■ TASK REQUIREMENTS: Return the data below exactly, minus the pictures.

■ COLLECTED DATA:
• • • •

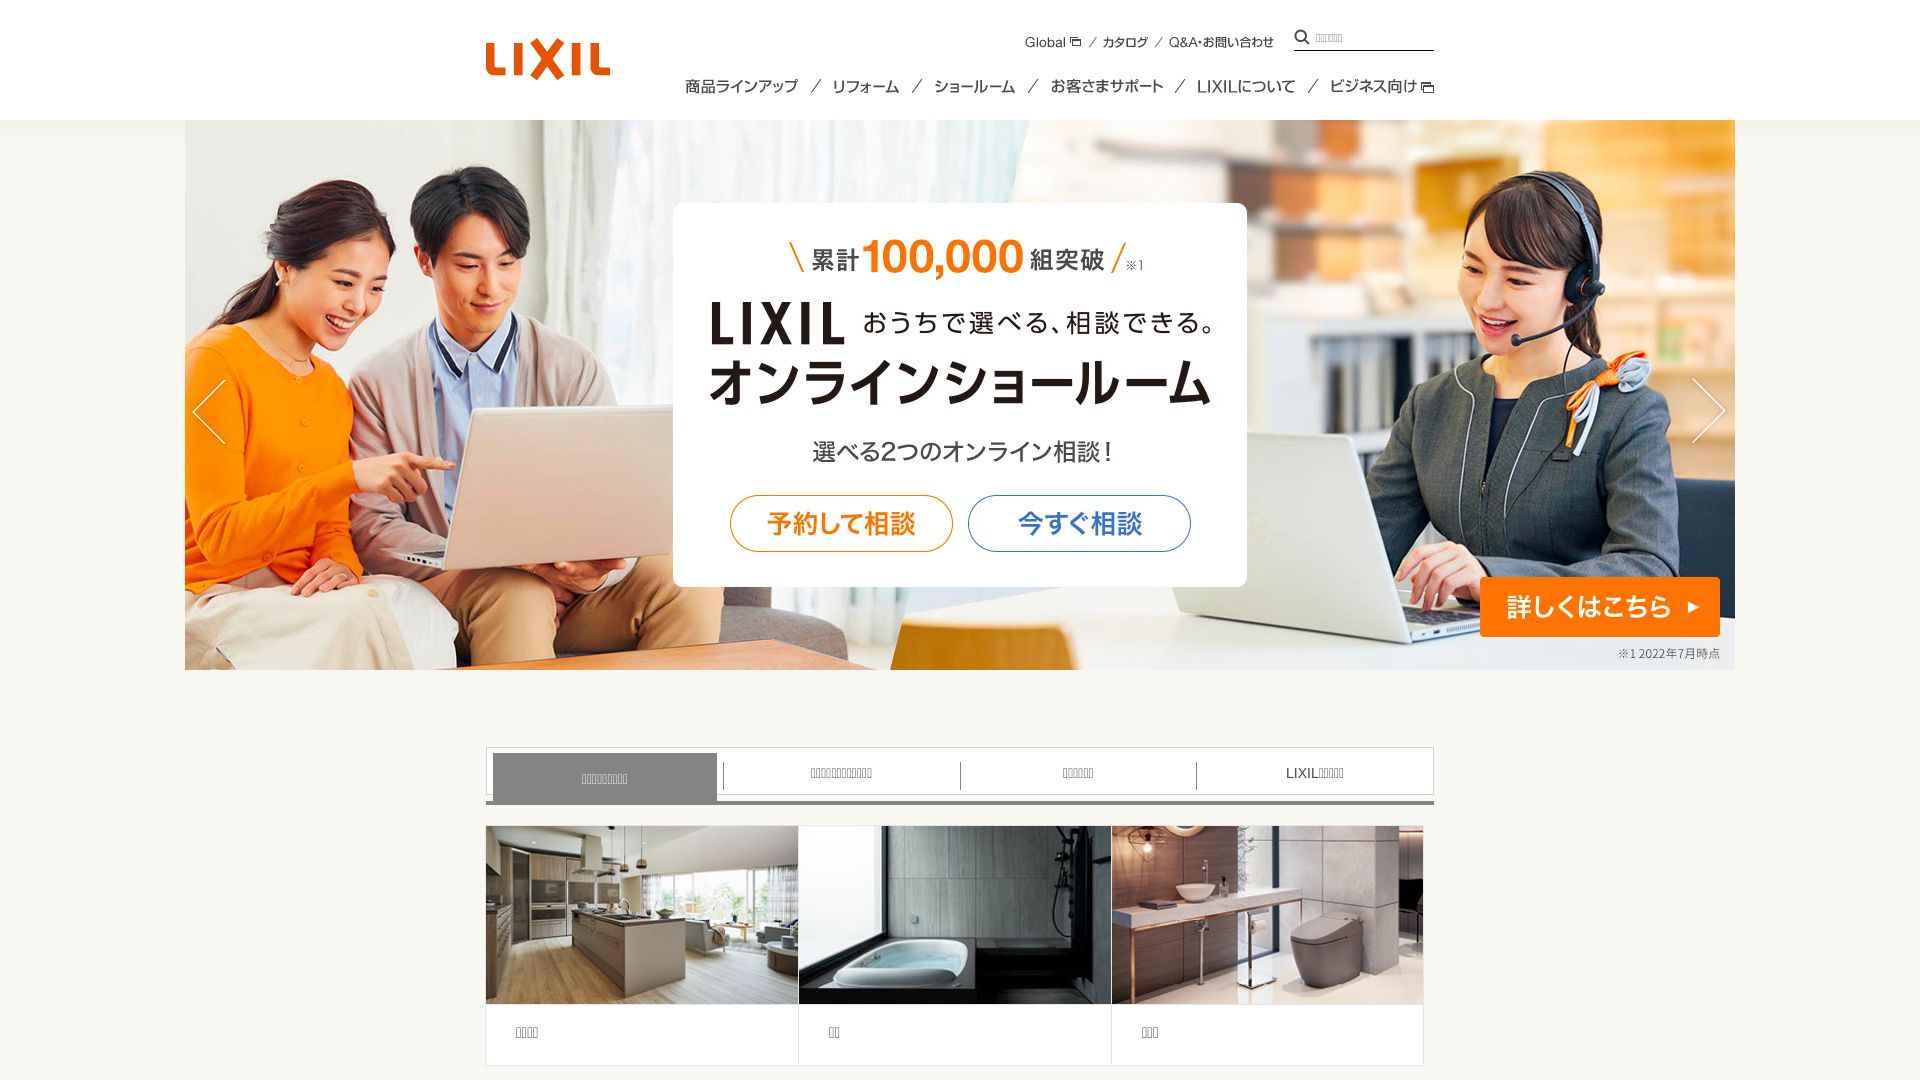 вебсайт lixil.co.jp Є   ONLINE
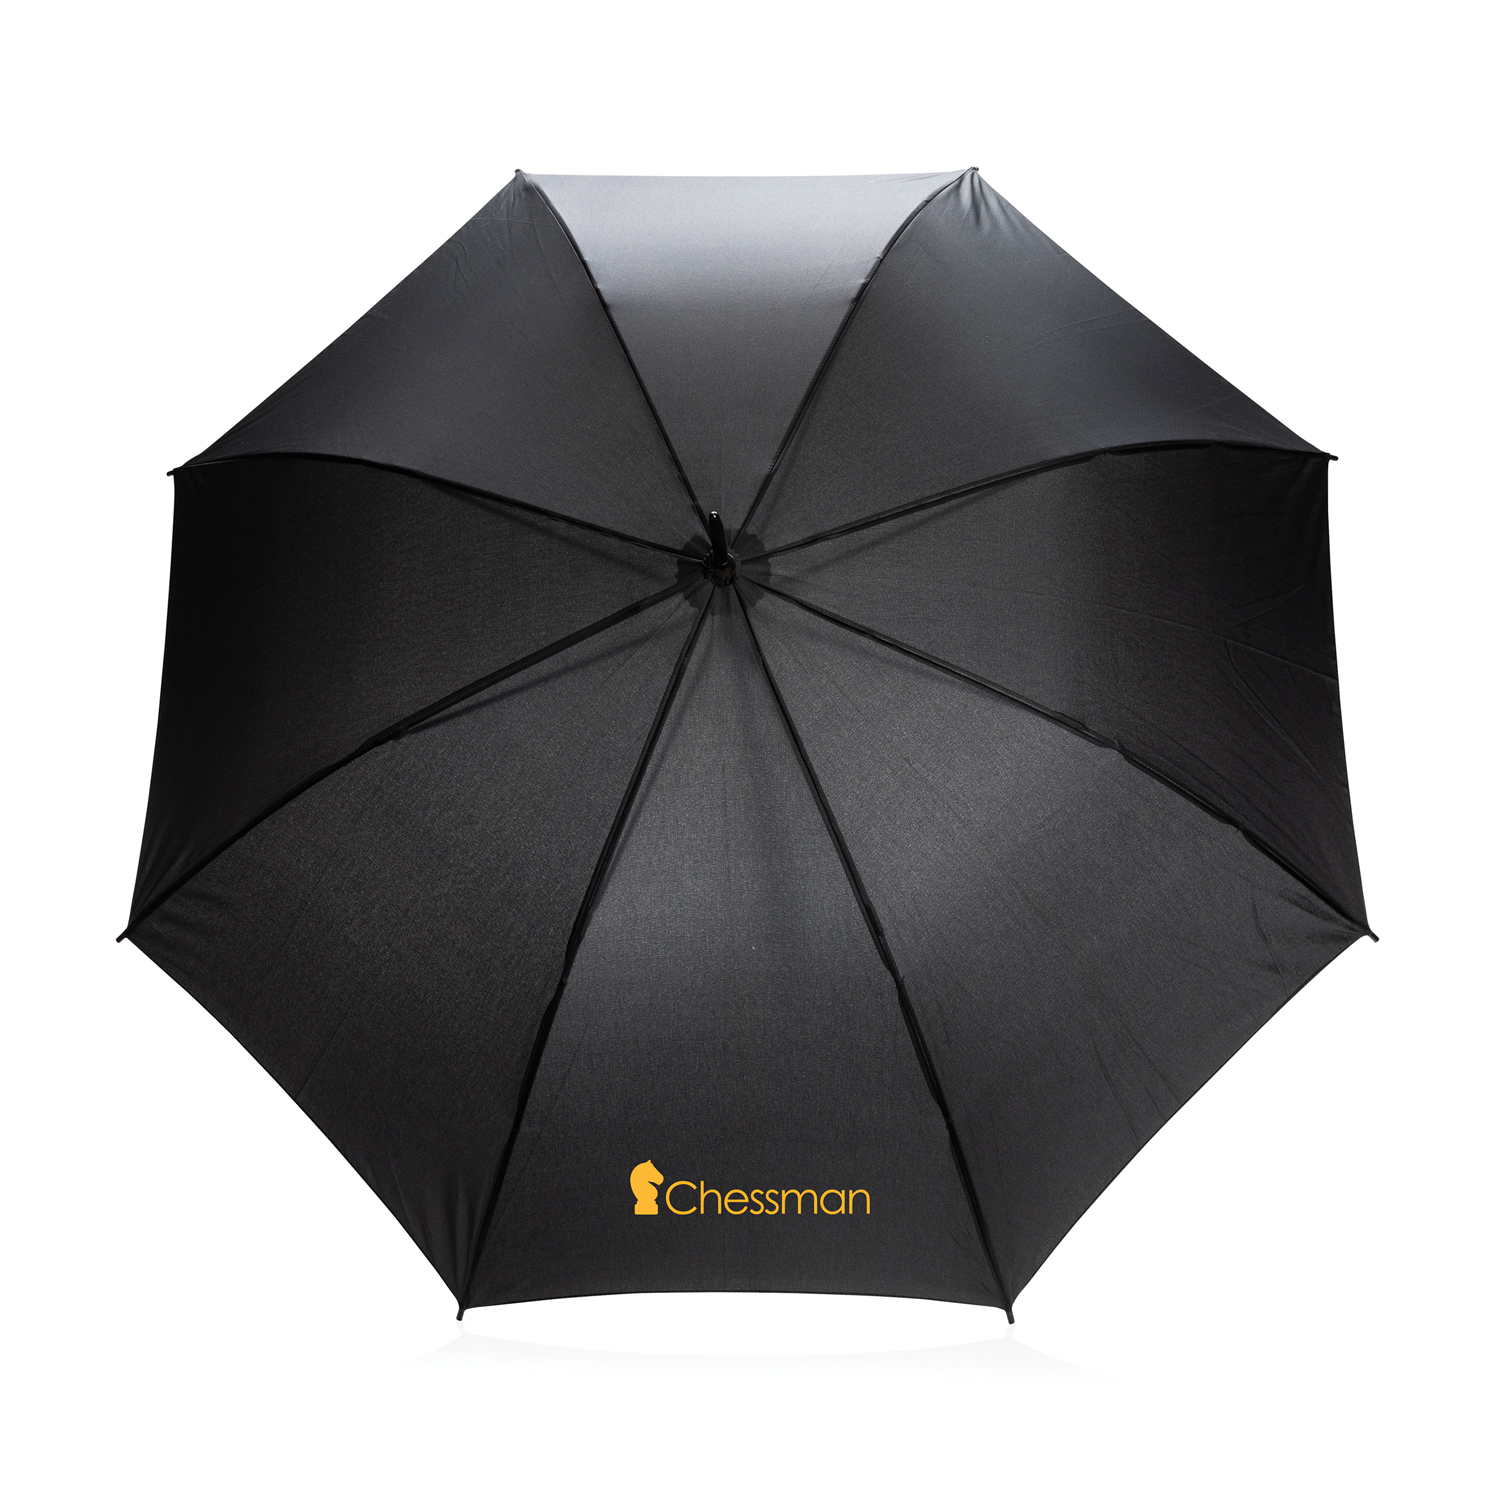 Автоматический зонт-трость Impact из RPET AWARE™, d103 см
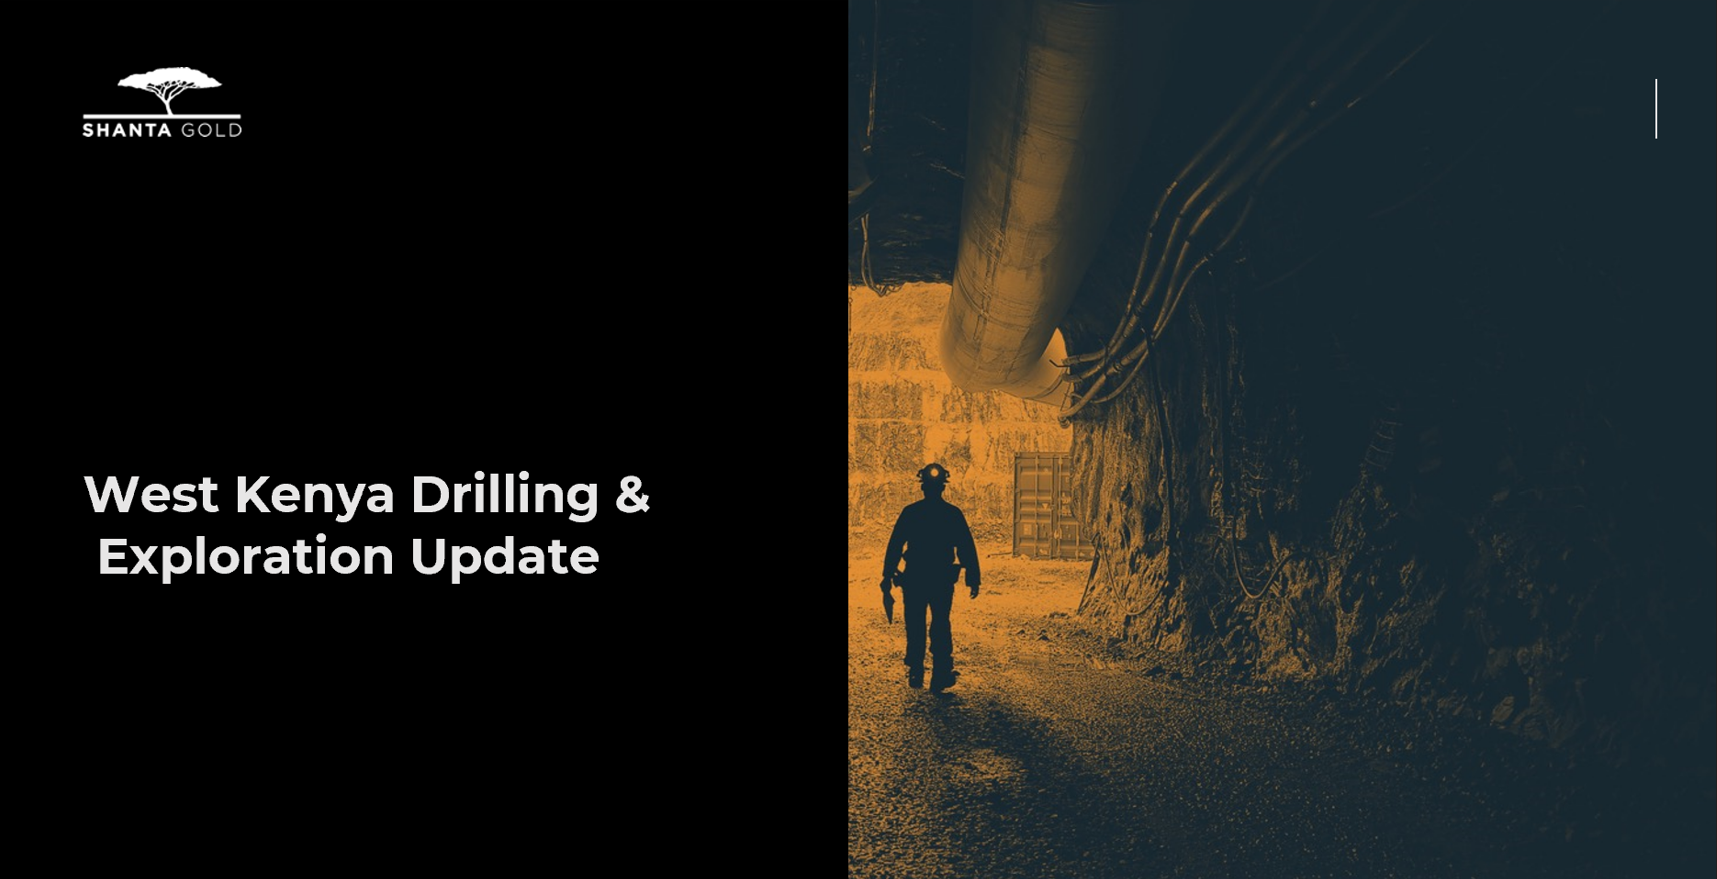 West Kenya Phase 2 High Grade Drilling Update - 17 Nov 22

• • • •

■ EXERCISE RESULT:
 вебсайт lixil.co.jp Є   ONLINE
 Автоматический зонт-трость Impact из RPET AWARE™, d103 см
 West Kenya Phase 2 High Grade Drilling Update - 17 Nov 22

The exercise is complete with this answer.